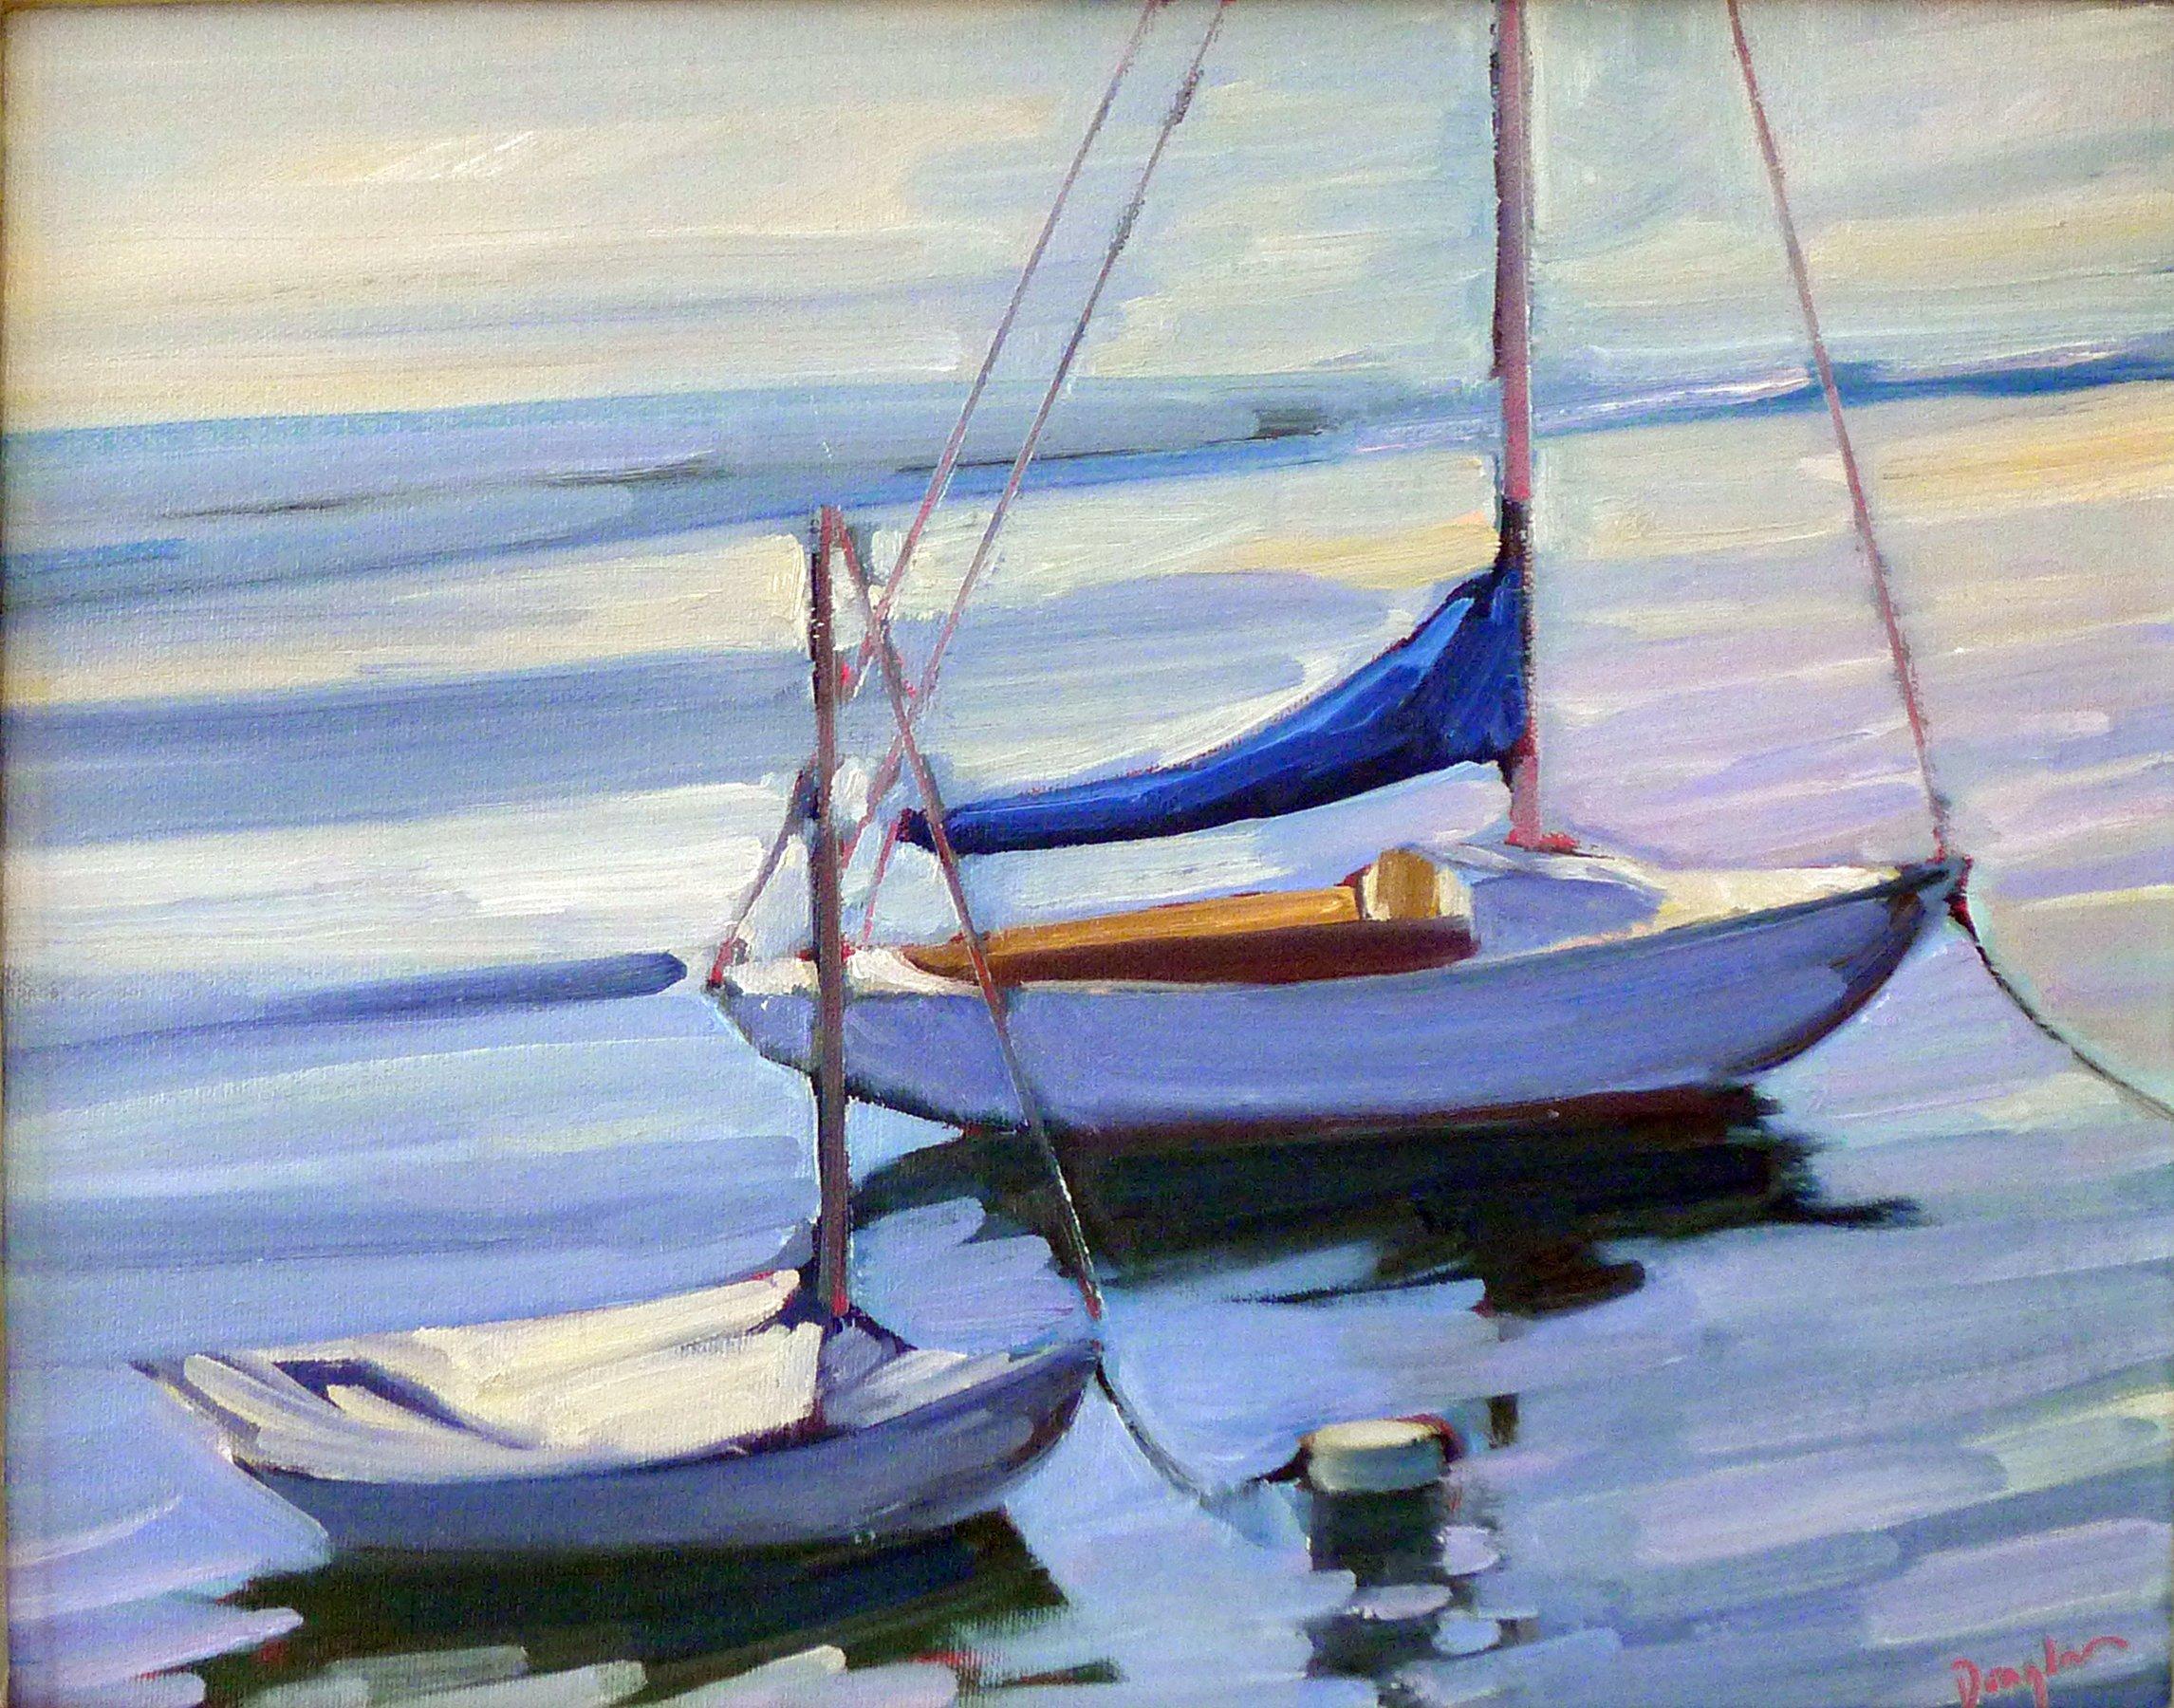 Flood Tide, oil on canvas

--

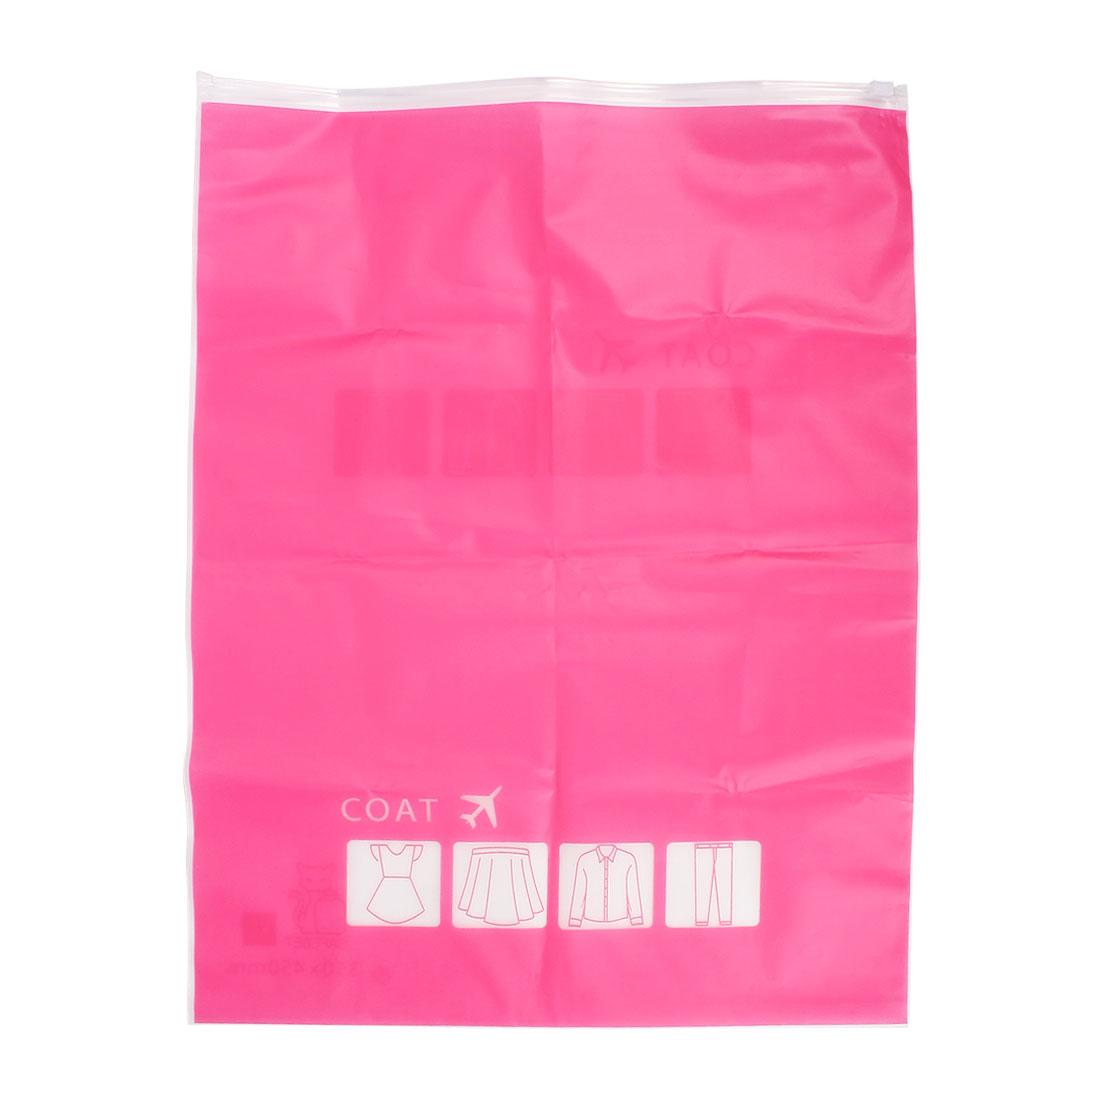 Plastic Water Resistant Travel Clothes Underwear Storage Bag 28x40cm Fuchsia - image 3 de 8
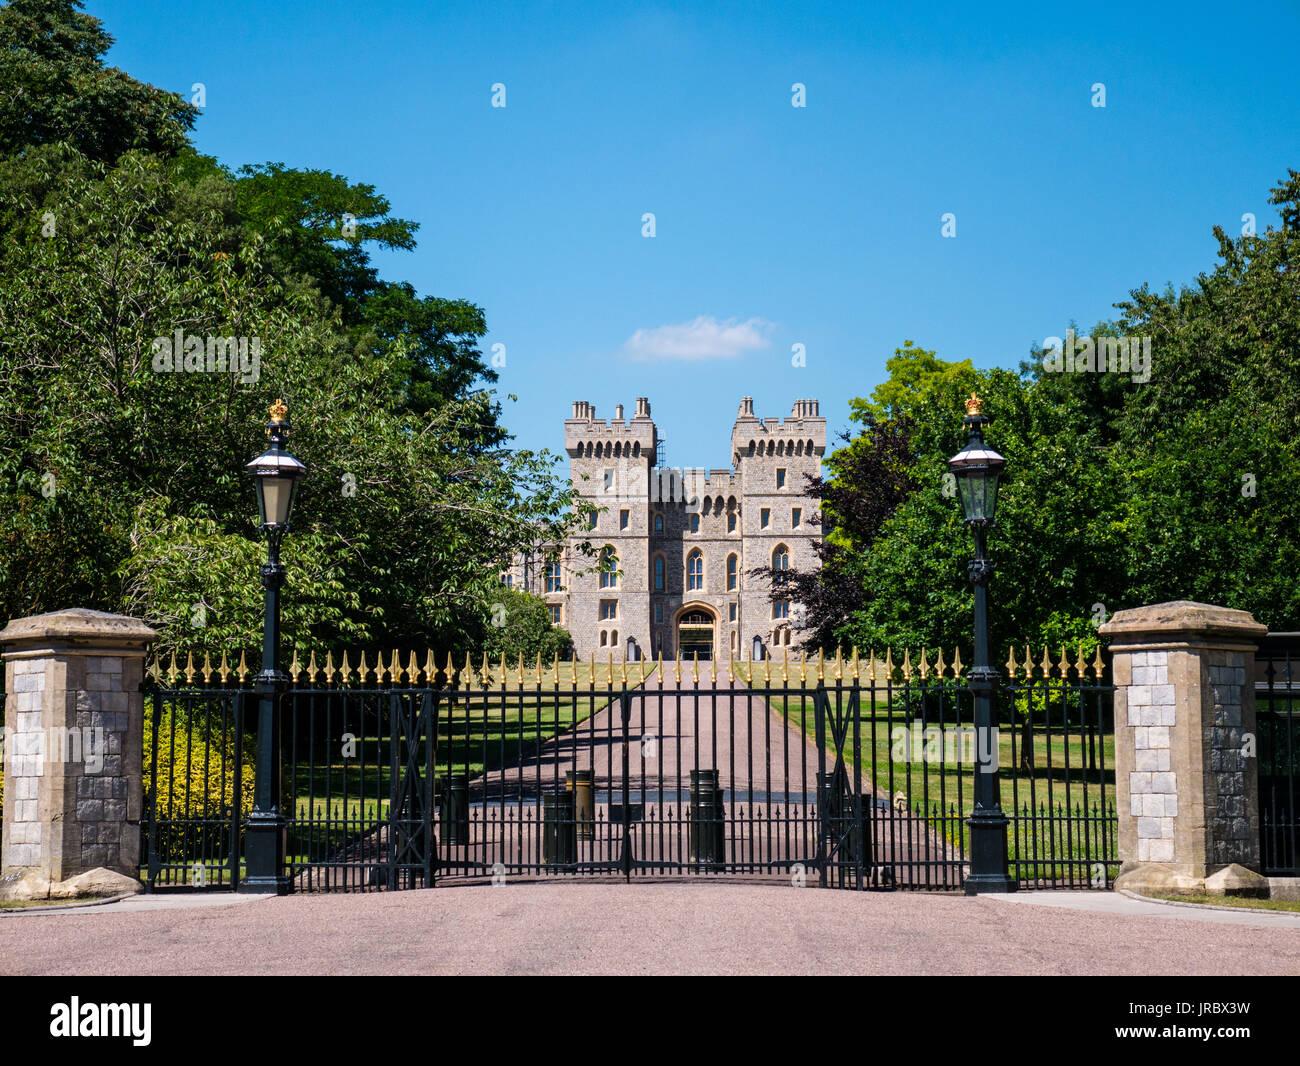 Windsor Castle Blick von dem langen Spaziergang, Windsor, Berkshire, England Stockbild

==

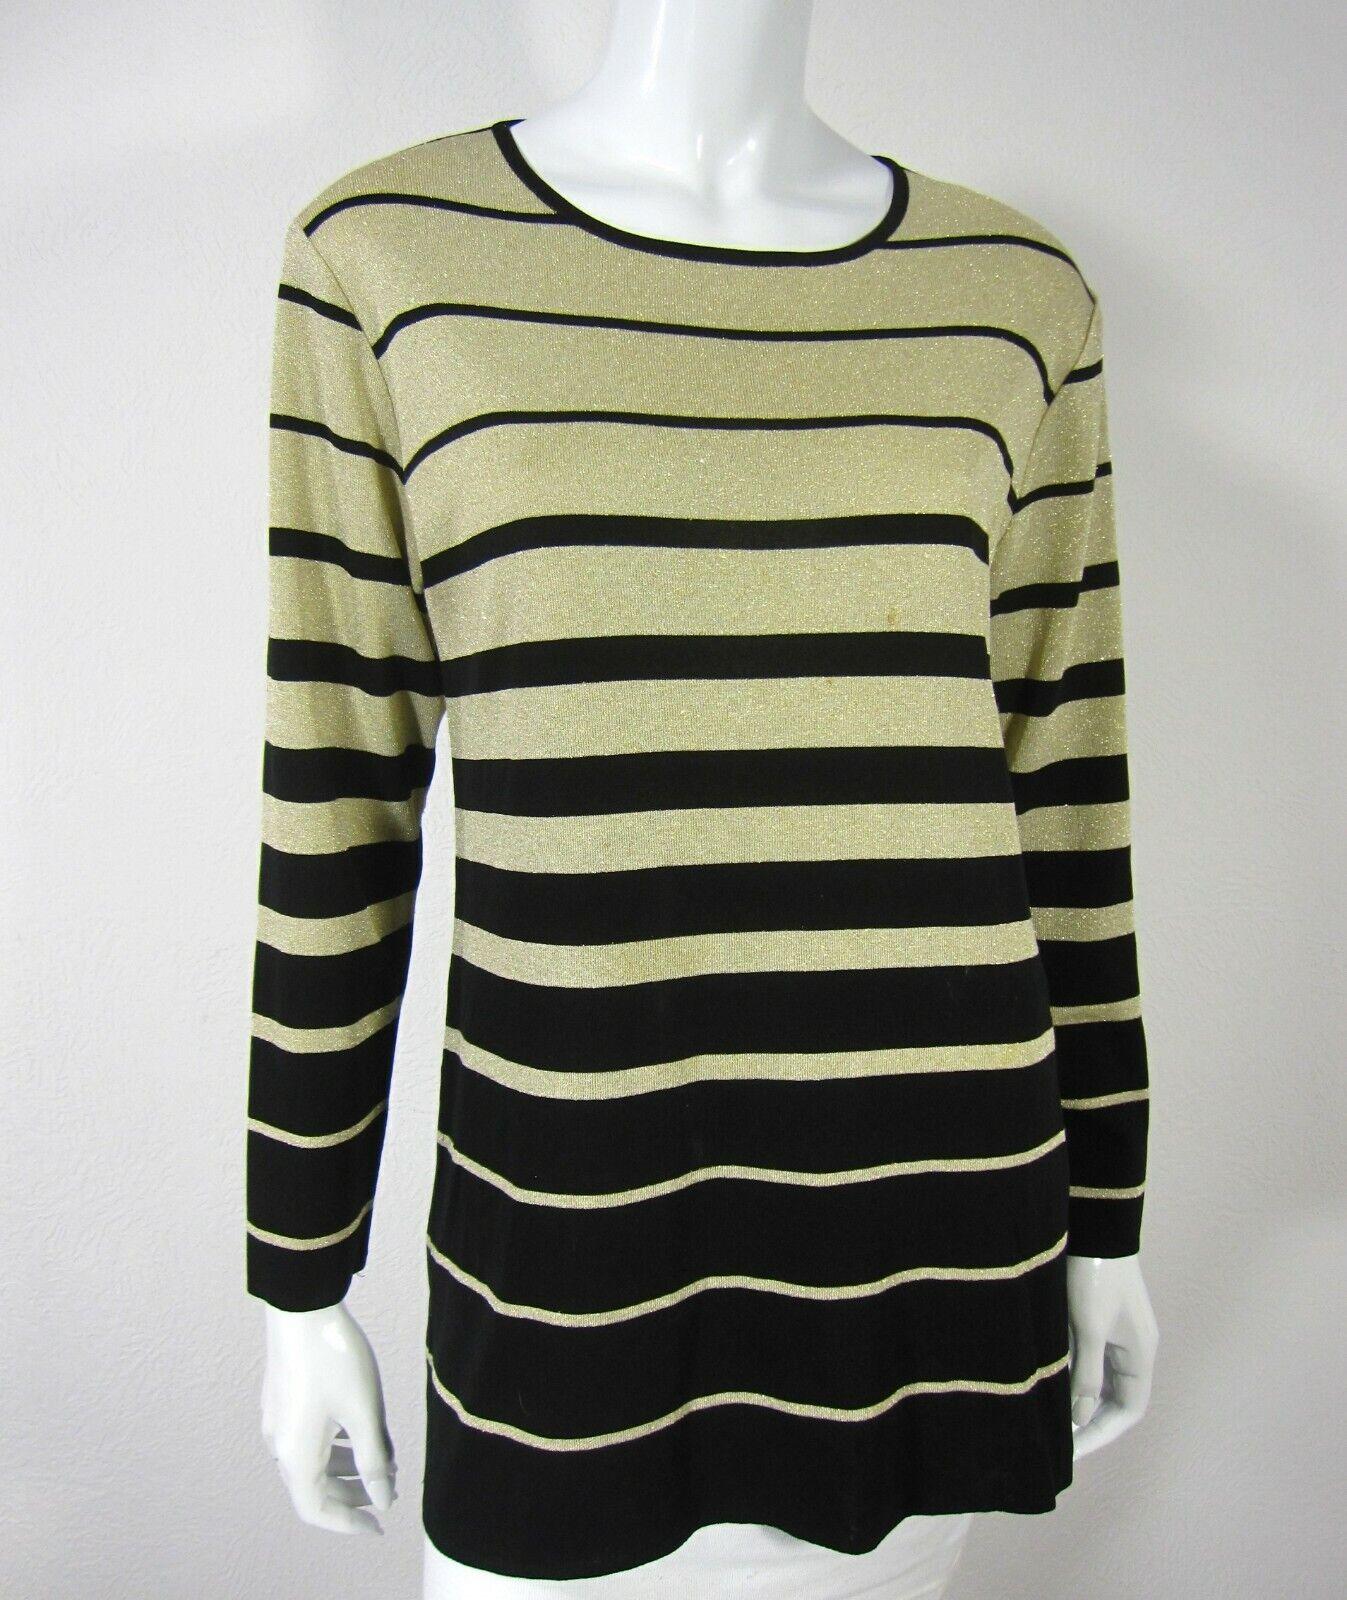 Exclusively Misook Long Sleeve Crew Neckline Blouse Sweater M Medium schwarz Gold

* How to complete this task *
Above is the material; set down exactly its lines from the one containing "Plastic Water Resistant" down to the one containing "Windsor Castle Blick", both included, leaving out any pictures.

* Answer below *
 Plastic Water Resistant Travel Clothes Underwear Storage Bag 28x40cm Fuchsia - image 3 de 8
 Windsor Castle Blick von dem langen Spaziergang, Windsor, Berkshire, England Stockbild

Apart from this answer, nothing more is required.